ABOUT THIS TASK.
Print the first line of the records below and every line after it, up to and including the line with "Yum Yum Records - Cocoon – Pacific Palace". Print nothing else.

+++++

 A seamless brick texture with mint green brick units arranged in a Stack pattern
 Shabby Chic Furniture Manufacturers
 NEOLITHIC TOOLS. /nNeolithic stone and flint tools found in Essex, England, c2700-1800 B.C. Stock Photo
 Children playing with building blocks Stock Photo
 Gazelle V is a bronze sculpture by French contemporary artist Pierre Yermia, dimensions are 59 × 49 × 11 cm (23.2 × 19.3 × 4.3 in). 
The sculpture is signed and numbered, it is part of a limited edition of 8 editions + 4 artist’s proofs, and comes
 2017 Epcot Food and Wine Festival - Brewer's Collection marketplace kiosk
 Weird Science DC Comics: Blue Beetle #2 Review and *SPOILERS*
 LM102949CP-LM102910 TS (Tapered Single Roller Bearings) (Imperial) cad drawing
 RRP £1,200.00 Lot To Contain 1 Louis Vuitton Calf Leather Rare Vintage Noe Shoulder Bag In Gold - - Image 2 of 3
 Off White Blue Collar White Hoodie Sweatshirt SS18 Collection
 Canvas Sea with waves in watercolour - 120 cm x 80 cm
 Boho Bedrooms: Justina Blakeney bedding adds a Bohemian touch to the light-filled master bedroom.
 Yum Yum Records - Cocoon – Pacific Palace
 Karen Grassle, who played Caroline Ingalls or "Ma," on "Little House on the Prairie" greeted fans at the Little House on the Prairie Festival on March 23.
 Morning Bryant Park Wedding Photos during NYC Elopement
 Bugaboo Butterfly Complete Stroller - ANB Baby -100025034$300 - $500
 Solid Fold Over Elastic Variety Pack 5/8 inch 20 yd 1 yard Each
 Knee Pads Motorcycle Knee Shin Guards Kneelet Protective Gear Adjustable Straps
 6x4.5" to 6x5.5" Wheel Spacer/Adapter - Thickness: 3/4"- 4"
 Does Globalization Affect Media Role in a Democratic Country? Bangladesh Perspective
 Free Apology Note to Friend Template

+++++

SOLUTION TO THIS EXERCISE.
 A seamless brick texture with mint green brick units arranged in a Stack pattern
 Shabby Chic Furniture Manufacturers
 NEOLITHIC TOOLS. /nNeolithic stone and flint tools found in Essex, England, c2700-1800 B.C. Stock Photo
 Children playing with building blocks Stock Photo
 Gazelle V is a bronze sculpture by French contemporary artist Pierre Yermia, dimensions are 59 × 49 × 11 cm (23.2 × 19.3 × 4.3 in). 
The sculpture is signed and numbered, it is part of a limited edition of 8 editions + 4 artist’s proofs, and comes
 2017 Epcot Food and Wine Festival - Brewer's Collection marketplace kiosk
 Weird Science DC Comics: Blue Beetle #2 Review and *SPOILERS*
 LM102949CP-LM102910 TS (Tapered Single Roller Bearings) (Imperial) cad drawing
 RRP £1,200.00 Lot To Contain 1 Louis Vuitton Calf Leather Rare Vintage Noe Shoulder Bag In Gold - - Image 2 of 3
 Off White Blue Collar White Hoodie Sweatshirt SS18 Collection
 Canvas Sea with waves in watercolour - 120 cm x 80 cm
 Boho Bedrooms: Justina Blakeney bedding adds a Bohemian touch to the light-filled master bedroom.
 Yum Yum Records - Cocoon – Pacific Palace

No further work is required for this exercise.